All modern nukes are two stage designs, Iran would be insane not to have a fusion stage. It would basically be a Hiroshima style dirty bomb with just 1.5% fissible mass actually fissioned.


I'm well aware of the difference in yield, but I thought a second fusion stage required modeling and testing well beyond basic development? Like I take a quick look at Wikipedia for what devices (for example) India has, and it seems to say whether they contain a significant fusion stage is an open question.

Hiroshima was pretty terrible as it was. And I thought the capability that everyone focuses on because it gets nations a seat at the nuclear table was just basic fission weapons. But please correct me if I am wrong.

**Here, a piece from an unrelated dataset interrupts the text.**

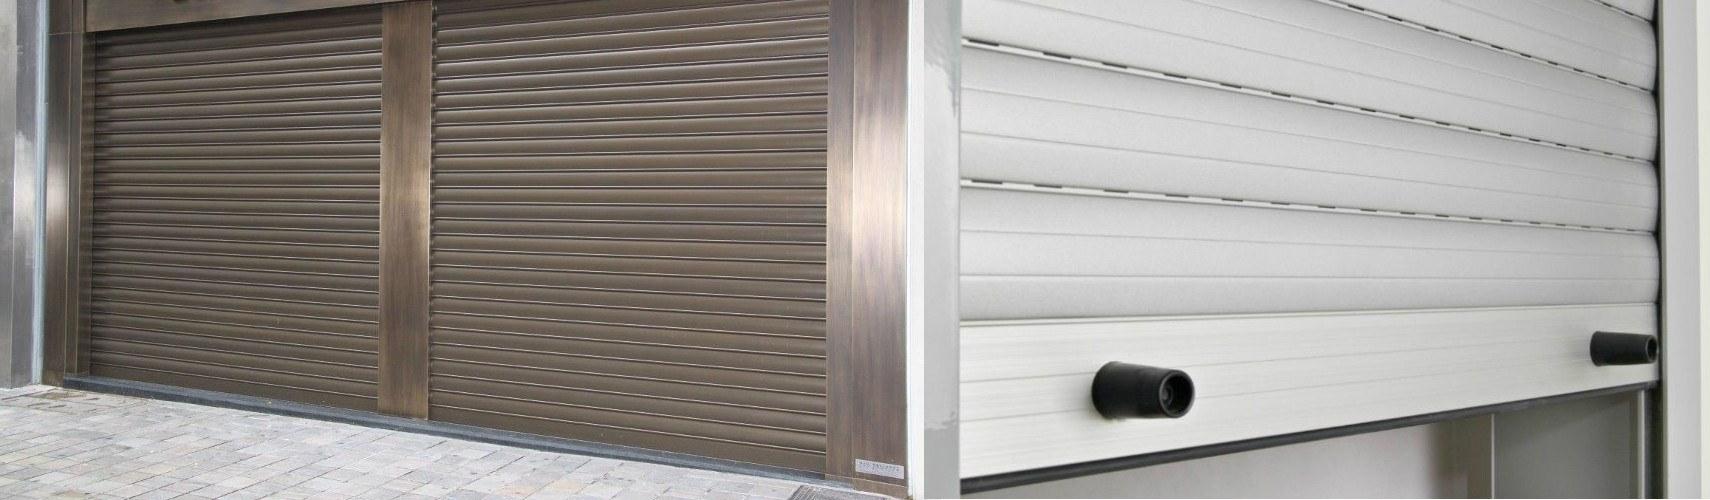 instalacion reparacion persianas - Instalacion persianas badalona reparacion persianas badalona

> I thought a second fusion stage required modeling and testing well beyond basic development

The bottleneck is UF₆ centrifuges, not the modeling. They're definitely aiming for a fission-fusion design: "The sources note that Iran has attempted to produce deuterium-tritium gas on its own inside Iran - with the help of Russian scientists - but has so far been unable to do so, and due to pressures by the Iranian leadership to accelerate the weapons production program, decided to try to purchase this substance abroad." [0]

India and Pakistan did their first tests ~30 years ago, a lot has changed since then and if you're building a nuke in '25 might as well spend some cash on a simulation cluster and buy some multiphysics simulation software from Russia..

[0] The sources note that Iran has attempted to produce deuterium-tritium gas on its own inside Iran - with the help of Russian scientists - but has so far been unable to do so, and due to pressures by the Iranian leadership to accelerate the weapons production program, decided to try to purchase this substance abroad.


Aren't there some R&D difficulties there? Like that whole fogbank thing the US forgot how to make? I hear trying to obtain deuterium and I figure it's for development and small-scale experiments, rather than an ingredient for a straightforward bomb recipe.

Maybe I'm just putting too much weight on the trials and tribulations of developing the first fusion bombs, and the details of solving or working around those problems is widely known in the right circles these days? Plus advancements in simulation accuracy?